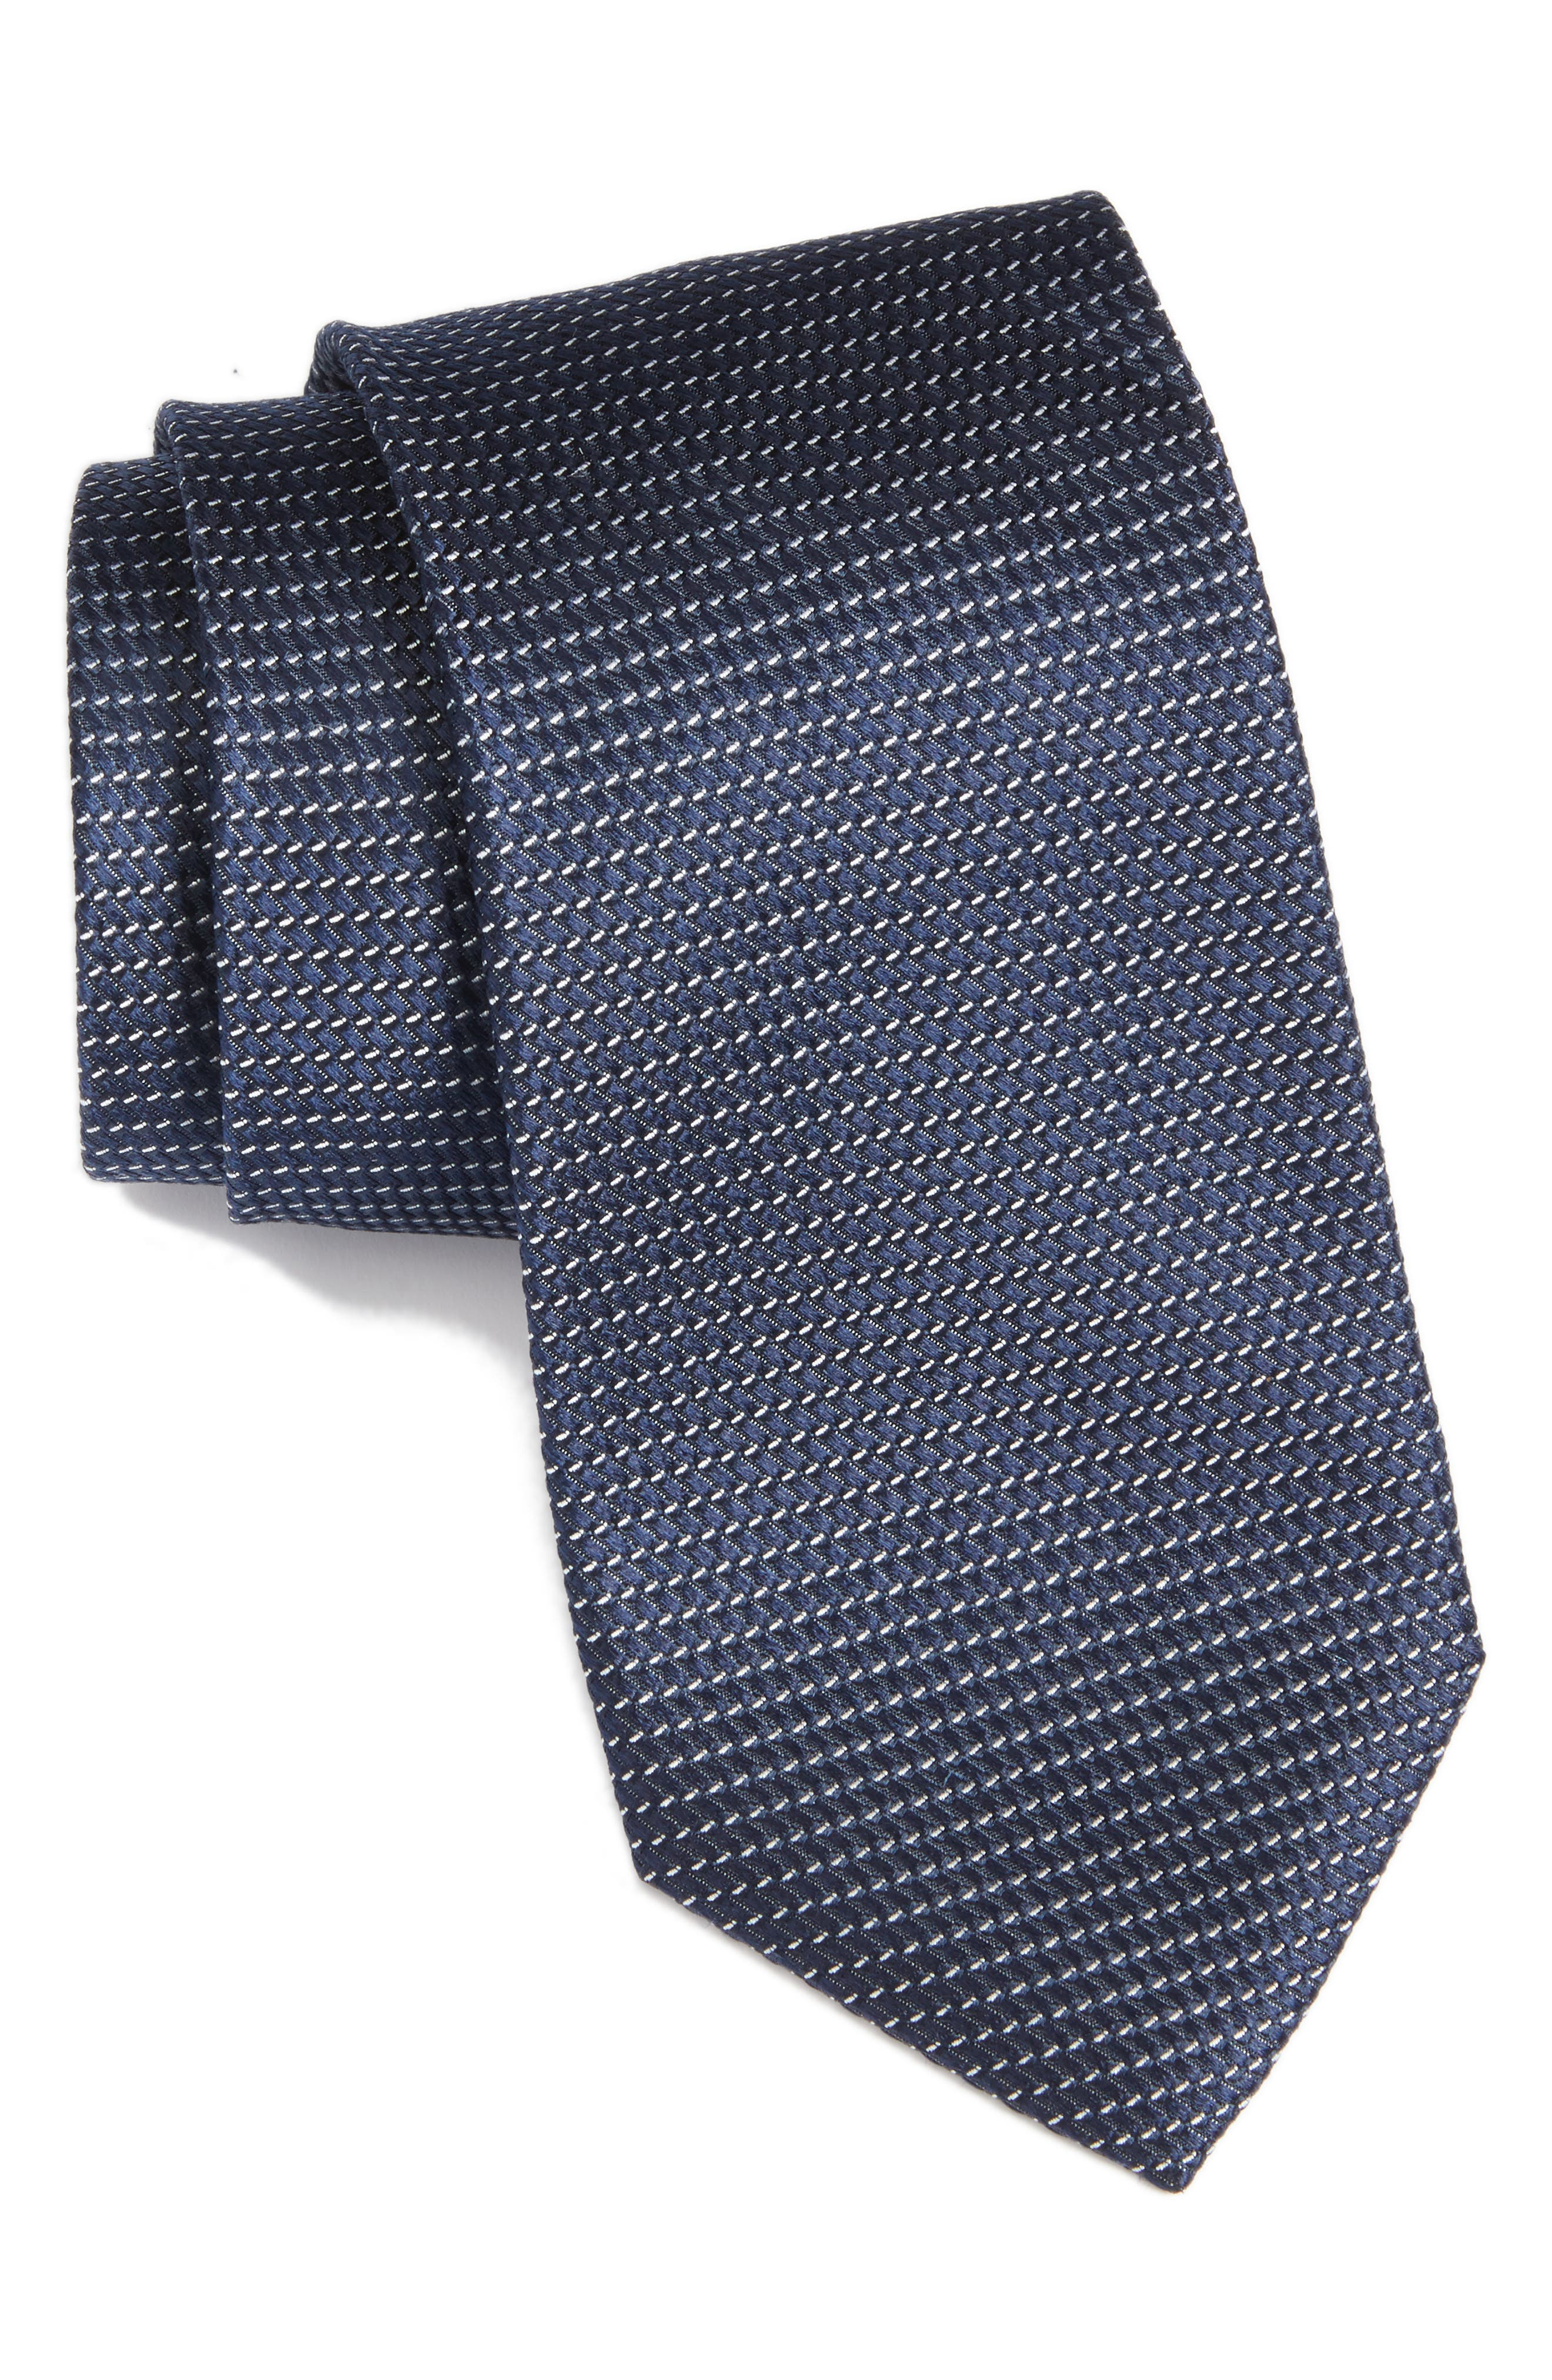 Main Image - Nordstrom Men's Shop Chiana Mini Silk Tie
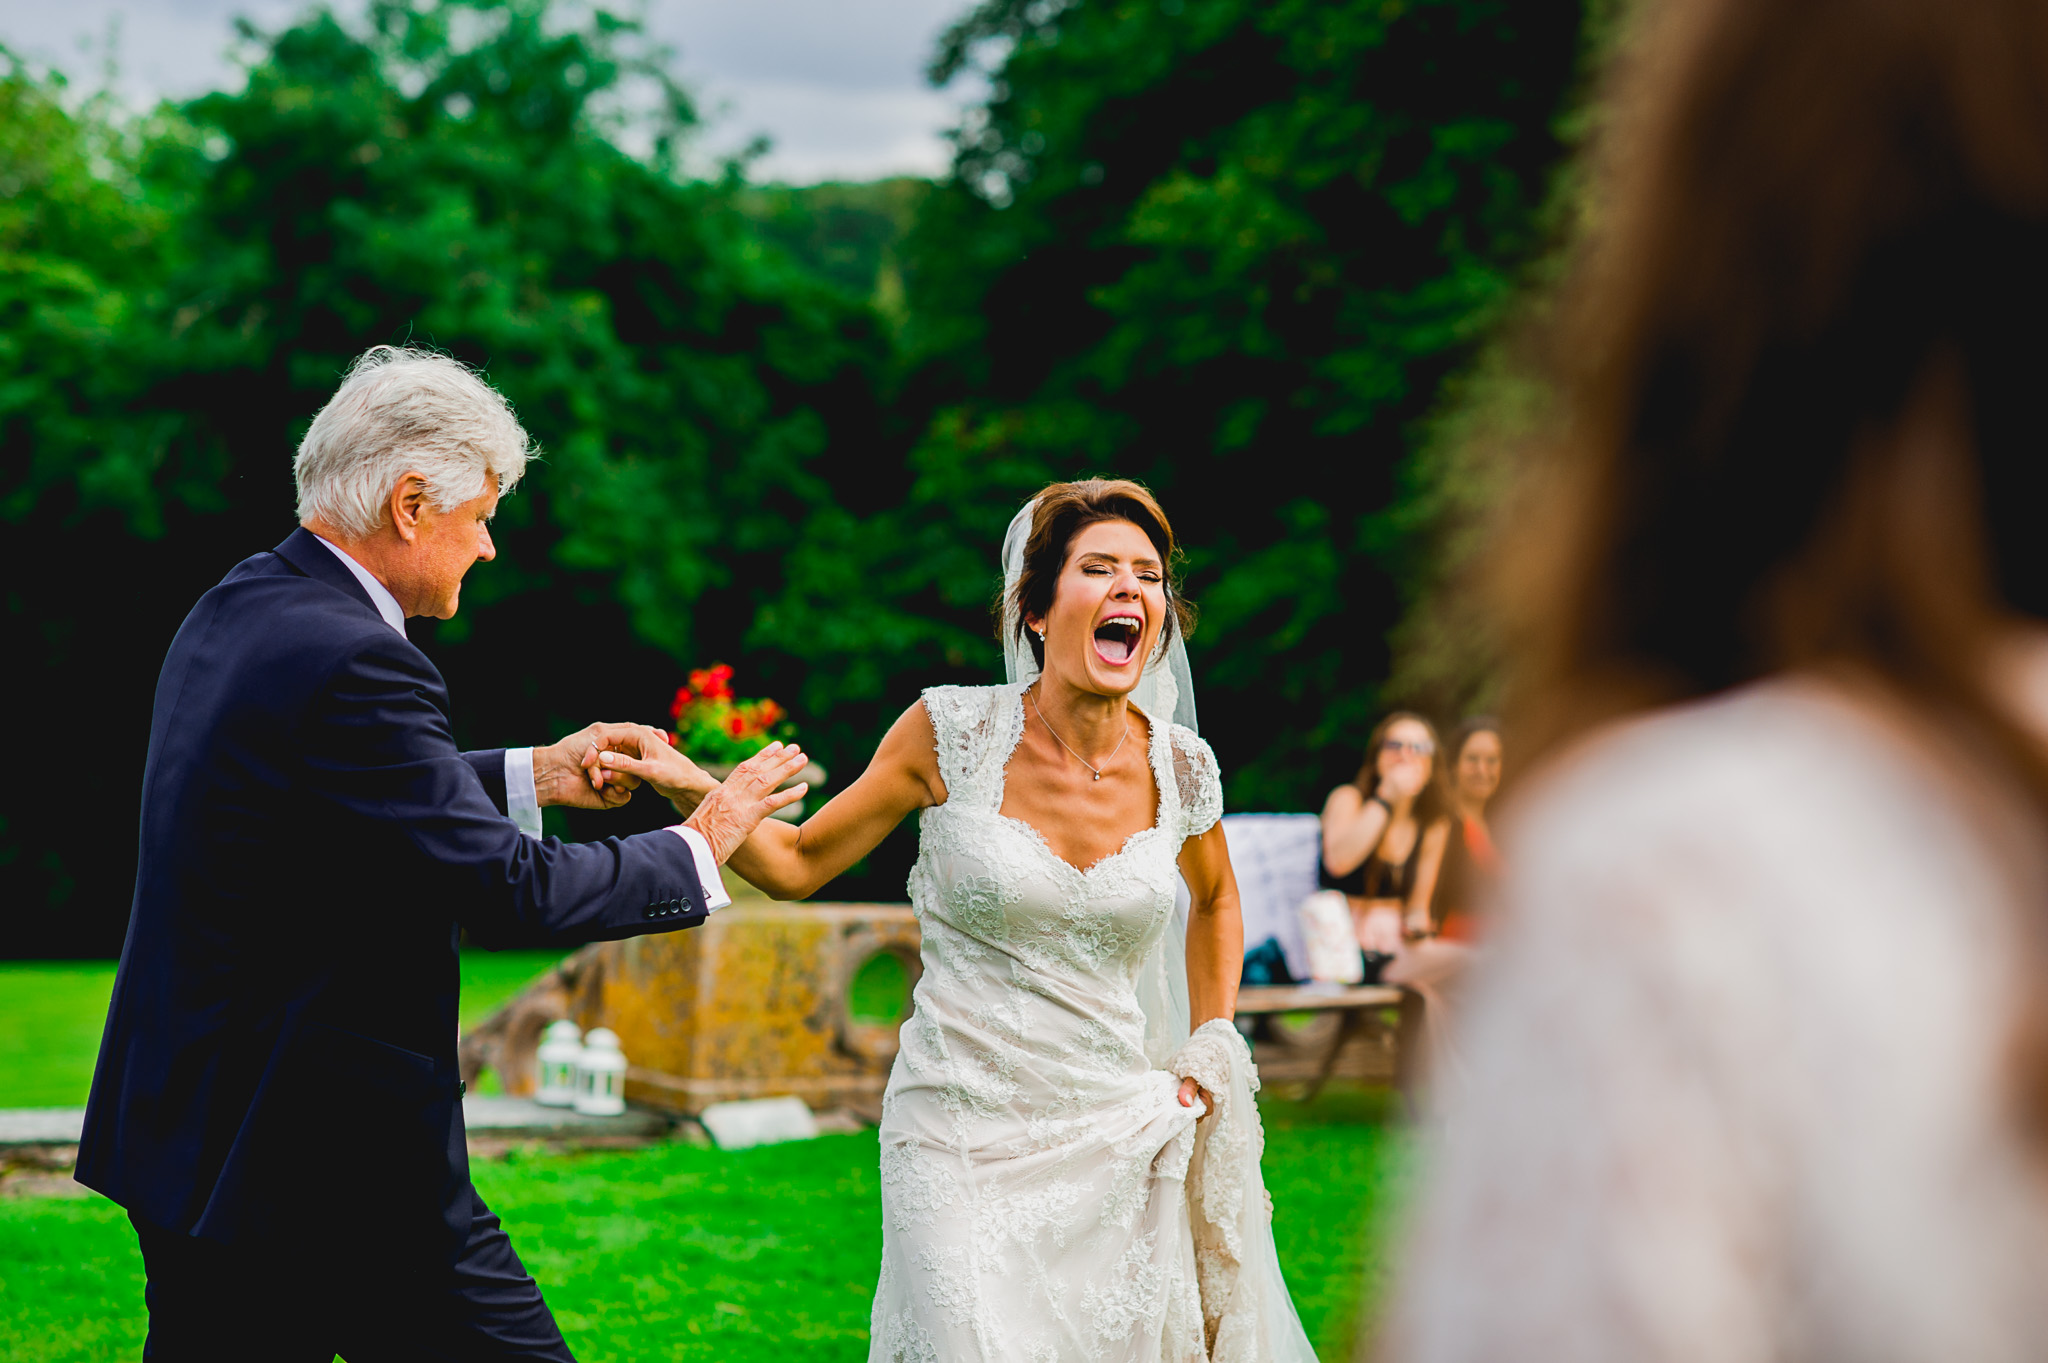 Lara & Jack Wedding 220815 by Barney Walters_683_BW3_7060
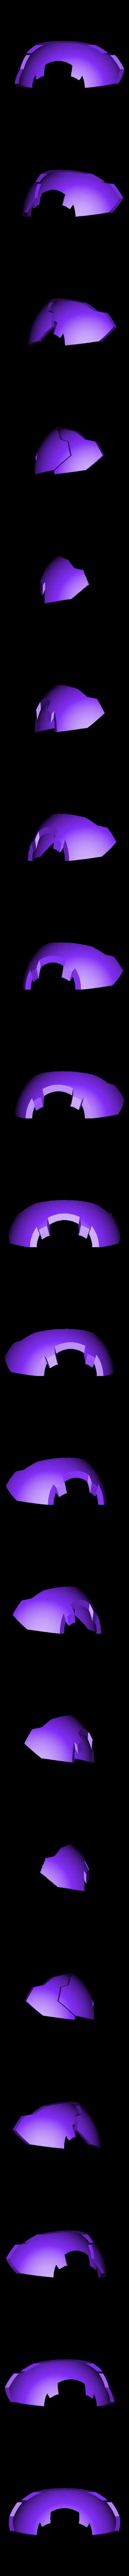 Armor-Rear.stl Download STL file Hammond's Wrecking Ball Mech from Overwatch • 3D printer template, FunbieStudios

▶ _What you need to do_:
Please retype the material in full, exactly as it reads, apart from the images.

▶ _Solution to the problem_:
 Main Image - Nordstrom Men's Shop Chiana Mini Silk Tie
 Lara & Jack Wedding 220815 by Barney Walters_683_BW3_7060
 Armor-Rear.stl Download STL file Hammond's Wrecking Ball Mech from Overwatch • 3D printer template, FunbieStudios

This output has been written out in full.